Hello all,
Here's this week's ticket update, it's an in depth one covering all
tickets as despite only having a week off work I had completely
forgotten what was going on with anything ever (plus I aim to do a "deep
review" roughly once a month). I liked how Jeremy formatted last week's
updated, and tried to incorporate some of that below (particularly the
dates). Although I failed to be as succinct with my ticket descriptions.
Cheers,
Matt
22 Open UK Tickets this week.
I'll start with a quick reminder to people that the job of "In
Progress"-ing of tickets has fallen back to the sites admins.
UK
https://ggus.eu/ws/ticket_info.php?ticket=84381 (19/7)

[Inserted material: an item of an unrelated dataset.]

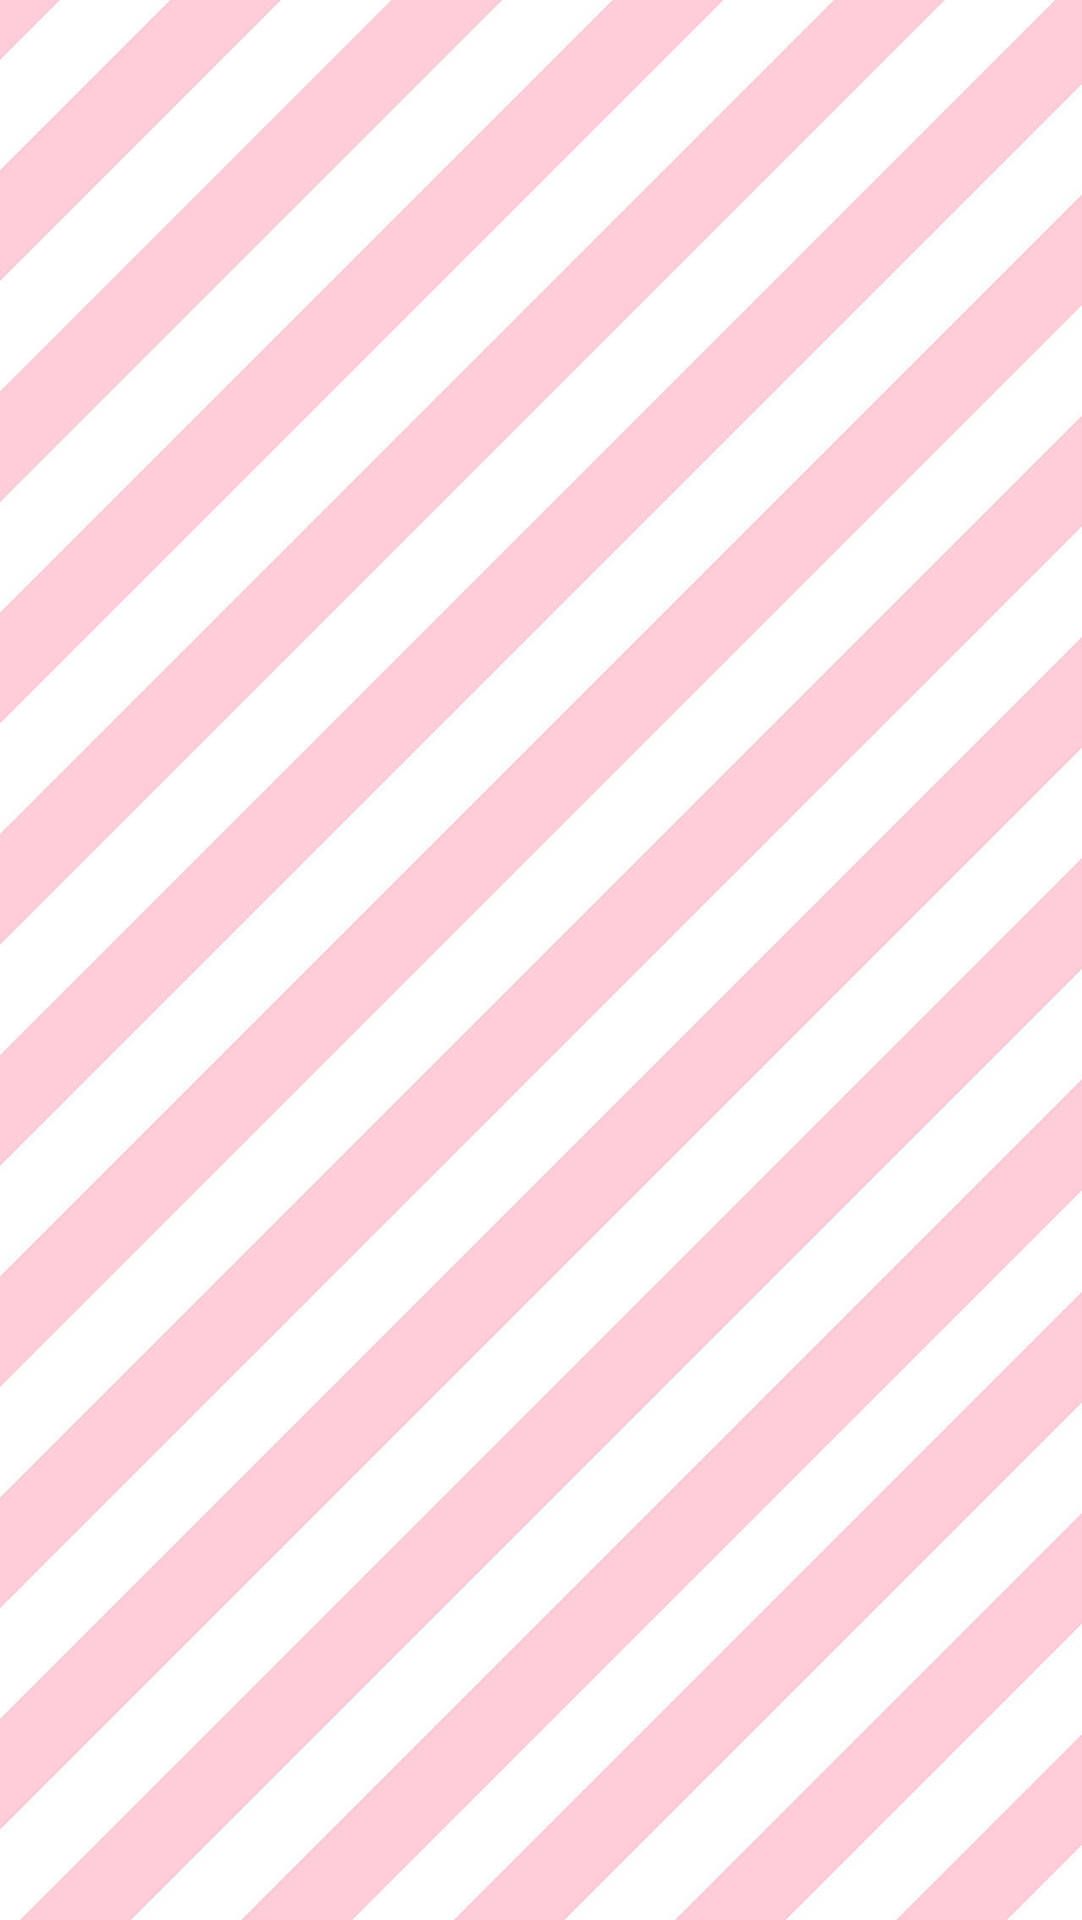 Diagonal Stripes Pattern iPhone 8 wallpaper, background, lock screen, home screen, pretty, girly, aesthetic, cute, modern, simple, abstract, artistic, creative, for girls, for women, for teens, for kids, for any device - Preppy

Ticket to track the creation of a new VO for the COMET experiment
(possibly to be called comet.j-parc.jp). A request to the voms admins
was submitted at the time of the ticket. Increased the list of cc'd
parties (24/7).
https://ggus.eu/ws/ticket_info.php?ticket=80259 (14/4)
Creation of the neurogrid.incf.org VO. Requests to GGUS and for the
enabling of the VO on the WMS & LFC going out (20/7).
TIER 1
https://ggus.eu/ws/ticket_info.php?ticket=84408 (20/7)
Request to enable neurogrid on WMS & LFC, in progress on the 20th but no
word since.
https://ggus.eu/ws/ticket_info.php?ticket=83927 (6/7)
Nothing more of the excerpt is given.